Pointers and Arrays (was: C machine)
News system
news at ism780c.UUCP
Tue Feb 2 10:08:36 AEST 1988
I got lost in all the >'s
I (Marv Rubinstein) wrote:
BTW, the definition of pointer difference in K&R is "if p and q point to
members of the same array , p-q is the number of elements between p and q."
Some one else wrote:
>I opened up my K&R, skimmed all of chapter 5 (Pointers and Arrays), and could
>not find this anywhere! (Maybe I didn't look hard enough :-)) I don't think
>this is how K&R defined it (see more comments below).
You didn't :-) Perhaps you should have looked in the index first. In the
index on page 226 one finds the entry:
"pointer subtraction 98"
On page 98 one finds in the last paragraph:
"Pointer subtraction is also valid: if p and q point to members
of the same array , p-q is the number of elements between p and q."
My reason for bring up this whole issue was to point out the the term
"between" used here is fuzzy and could lead one to confusion.
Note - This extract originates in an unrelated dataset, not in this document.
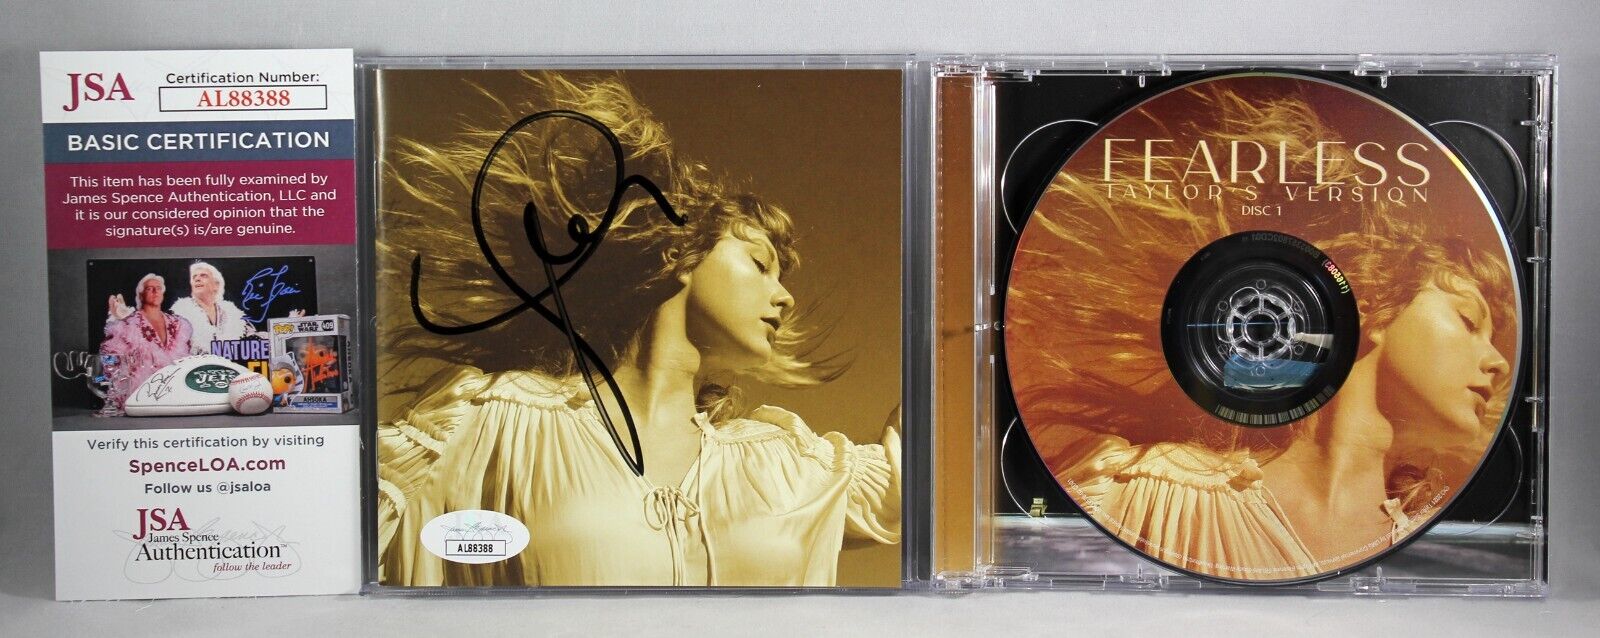 TAYLOR SWIFT SIGNED FEARLESS CD ALBUM AUTOGRAPHED LOVER TAYLOR\'S VERSION JSA COA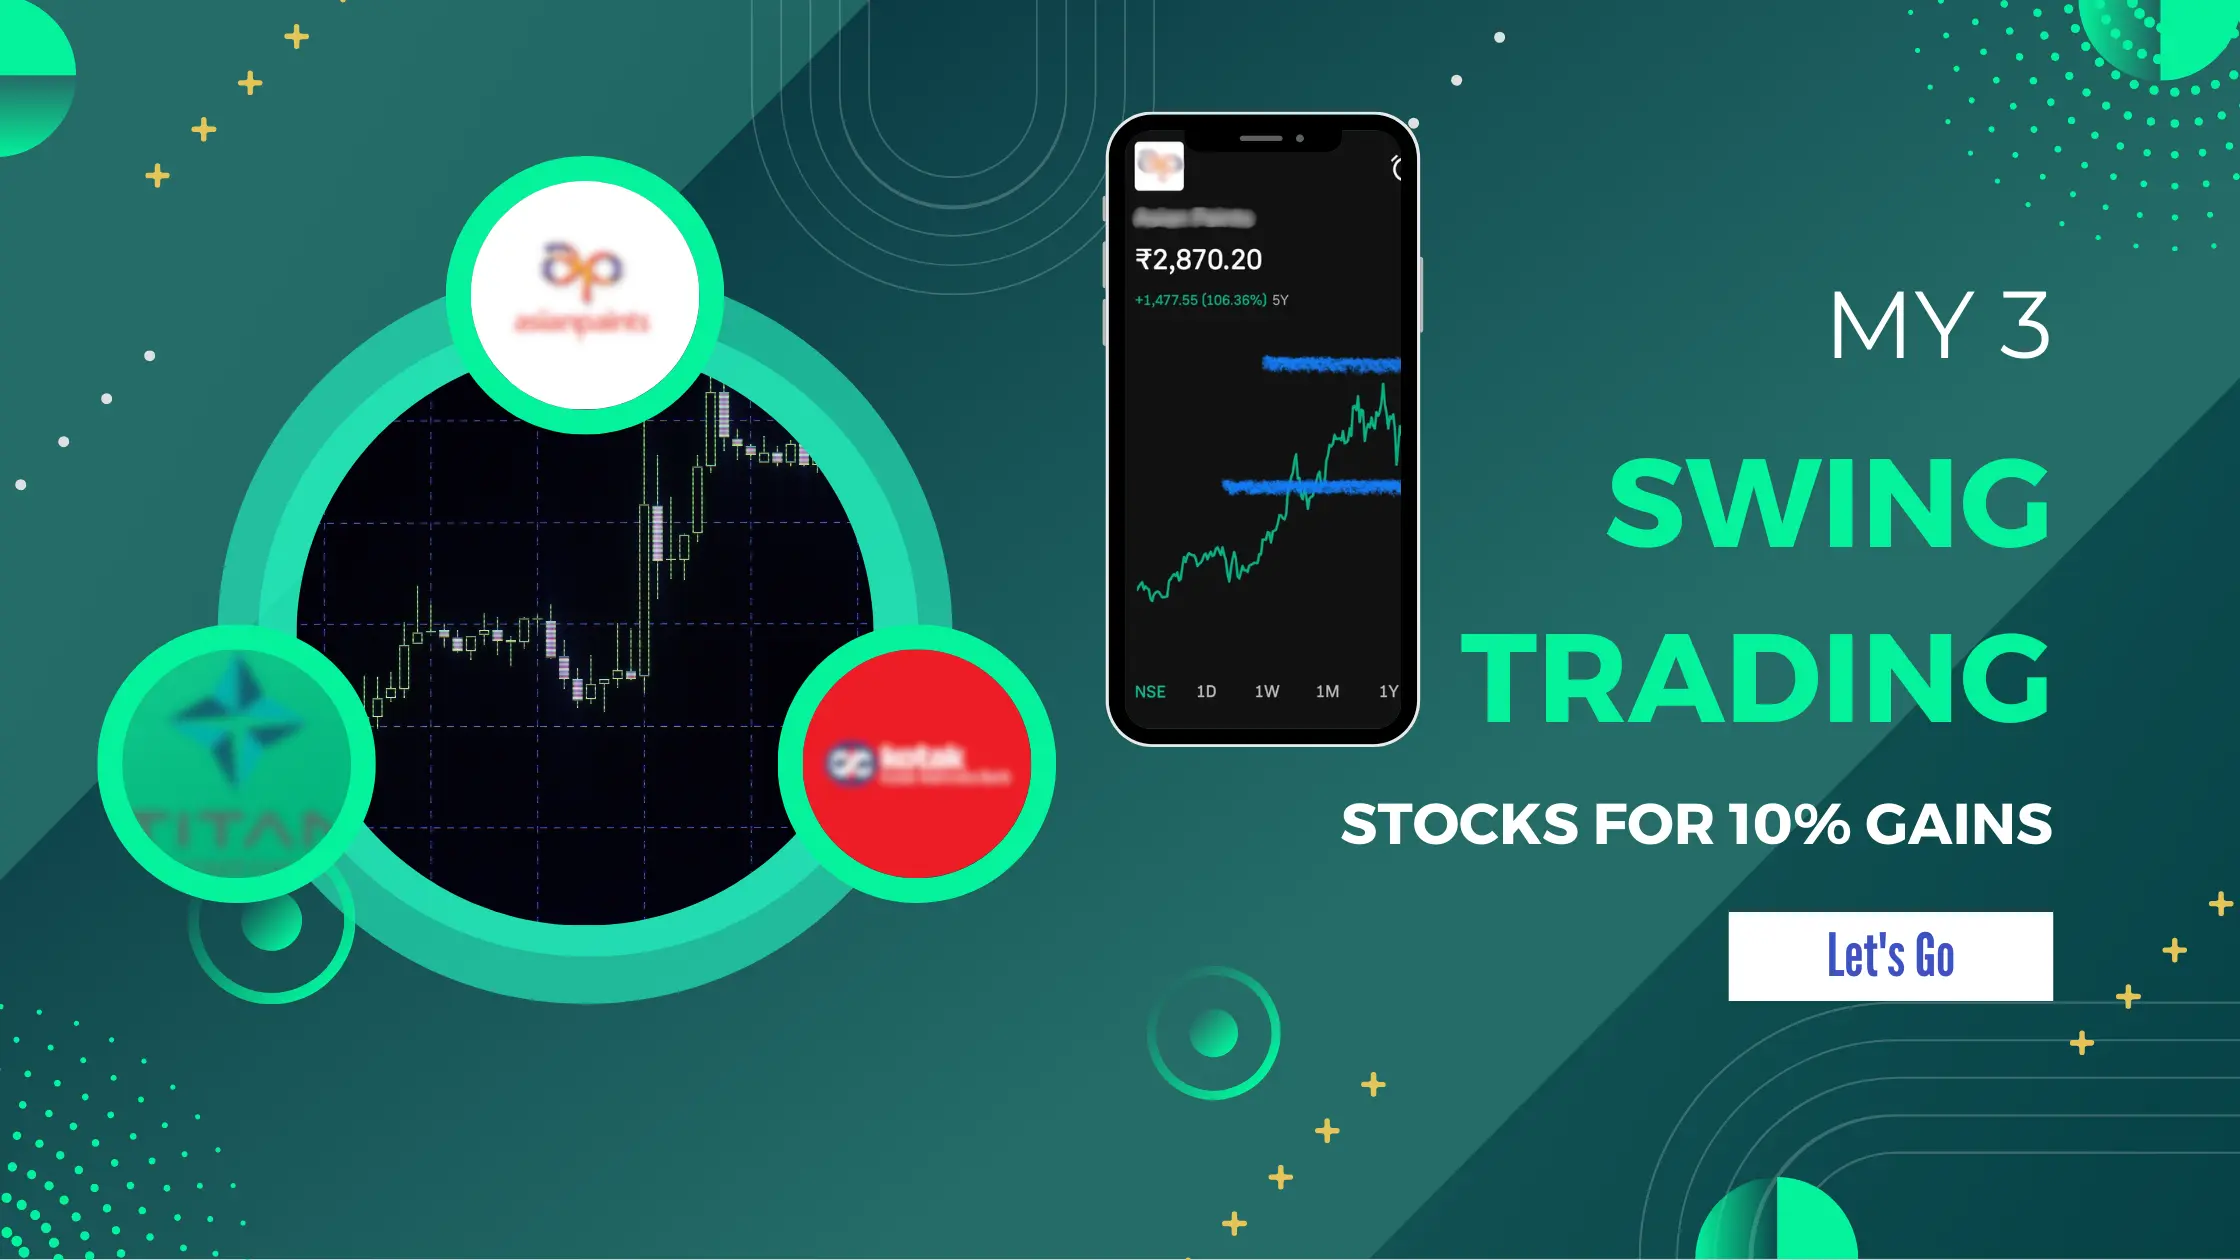 I am Investing In these 3 Swing Trading Stocks for next week. Hope for huge returns

I was just
asking if the language in the standard was less ambigious. (Doug answered
that it is less ambigious). Also I once had to correct a compiler that was
implemented such that p-q was the same as q-p (p and q pointers to the same
array). When I found the wording on page 98 I asked several colleagues "how
many integers are there between 1 and 3 and how many integers are there
between 3 and 1?" most answered "one" to both questions.